Newspaper Nine Queensland
(Image: Unsplash/Bank Phrom)

The latest deep dive into our journalism habits suggests printed media is unlikely to long survive COVID-19. The Pollyanna take? Print media’s loss is opening up space for a more interesting, more diverse journalistic ecosystem that better meets the needs of our communities.

The University of Canberra’s Digital News Report: Australia 2021, released yesterday as part of the Reuters Institute global survey, shows just one in five Australians have read news in a printed newspaper or magazine in the past week — about half as many as just five years ago.

Print media is the primary source of news for just 4% of Australians — most of them over 75 — and the average reader is significantly to the political right of print’s digital sibling.

The economics of old media made organisations look for mass audiences clustered around the political centre. Still true: commercial television and the major News Corp papers sit to the right of centre, Nine mastheads and ABC TV to the left. ABC Radio hits the statistical centre. (Remember, this is the audience, not necessarily the journalism.)

Audiences for new media are more diverse and more scattered across the political spectrum.

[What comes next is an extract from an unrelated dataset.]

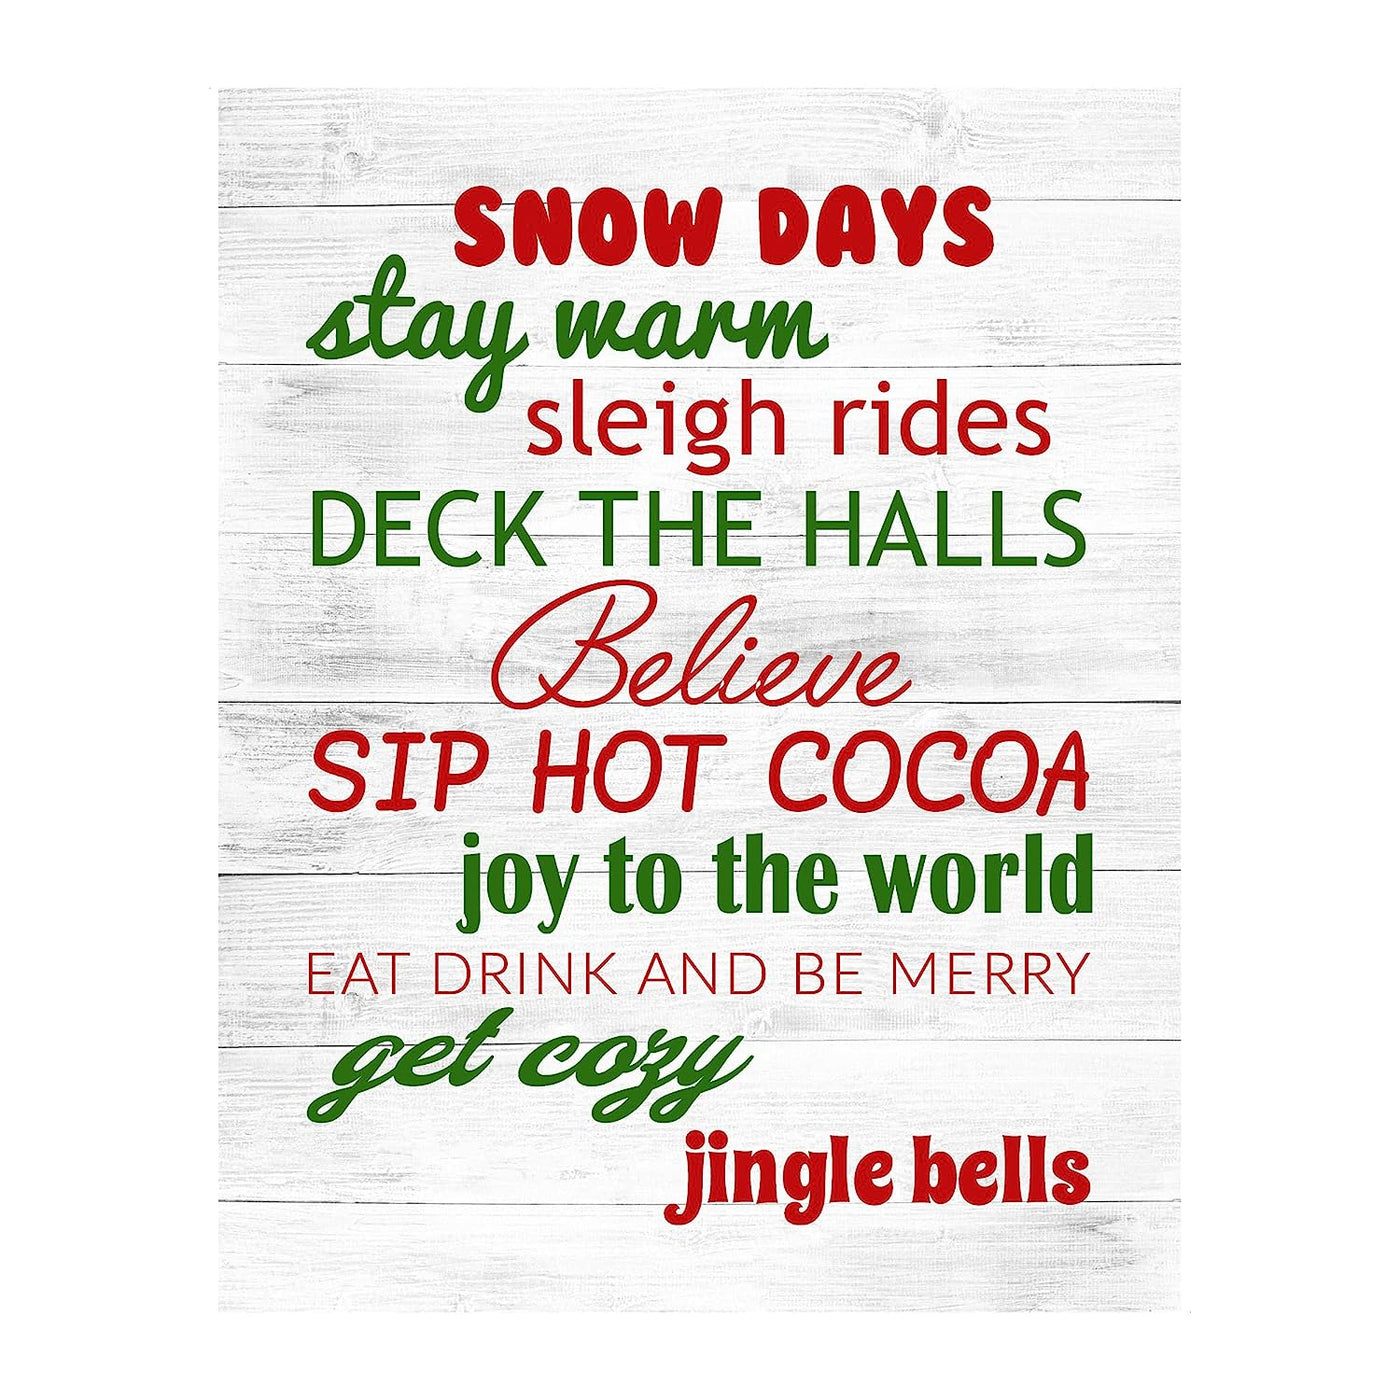 Snow Days-Sleigh Rides-Deck the Halls Rustic Holiday Sign-11 x 14" Festive Christmas Wall Art Print w/Replica Wood Design-Ready to Frame. Typographic Home-Farmhouse-Welcome Decor. Printed on Paper.

The post-print future is already happening in local news. As regional and community print titles closed last year (and then largely consolidated into state-based tabloids), new digital (small) players have sprung up, with more local news and more focus on community. Take, for example, In the Cove, reporting out of Sydney’s Lane Cove.

At the city level, the once-mighty press is looking like a cross between a legacy service to an aging audience and brand promotion for the digital service. Take out hardy media philanthropists like Harvey Norman and Clive Palmer (and the racing industry) and there’s precious little advertising left to justify keeping it alive.

In Australia’s offline news world, print has been replaced by television, where the leader — in trust, in audience, in influence — is the ABC. It’s a closer race on the internet, although there it’s the generic (and free) brands — such as news.com.au and nine.com.au — rather than the paywalled mastheads that have entrenched the lead the ABC has seized during events like the 2019-20 bushfire season.

The Digital News Report suggests that the pool for digital subscriptions may be close to soaked up. About 13% of Australians have made some financial contribution to digital news in the past 12 months. (That includes you, Crikey subscriber!) That’s the same number as last year, although up 3% points since 2016. It’s behind the 17% global average, and the 21% in the US market. (Blame public broadcasting? The UK is even lower at 8%.)

Most payments are for subscriptions (including transitional print-digital bundles). Others are donations, as online news organisations like The Conversation follow The Guardian’s lead of appealing for donations to keep journalism public.

The collapse of the centuries-long print habit is no surprise, but it has come remarkably quickly.

It’s less than a decade since Australia’s major publishers went “digital first”, prioritising online audiences rather than holding its best stories for the morning print edition. It’s just five years since traditional media acknowledged that the advertising-supported free news model couldn’t work online.

Now COVID-19 has accelerated the breaking point, as the print product has vanished from the shared space of cafes, public transport and work rooms. How close is print to being irremediably non-viable? Looks like somewhere between “very close” and “there already”.

The most recent financial figures from Nine (less opaque than the quarterly News Corp figures) say the digital revenues of its once-was-Fairfax arm are now greater than its print revenues. (That said, Nine’s digital arm has been added to the mix.)

But with the multi-million-dollar boost from big tech under the news media bargaining code, the Fairfax remnant in Nine will now have most of its revenues coming from digital while most of its costs are spent printing for an aging audience, largely spurned by advertisers.

As Charles Dickens’ Mr Micawber would say: “Result, misery.”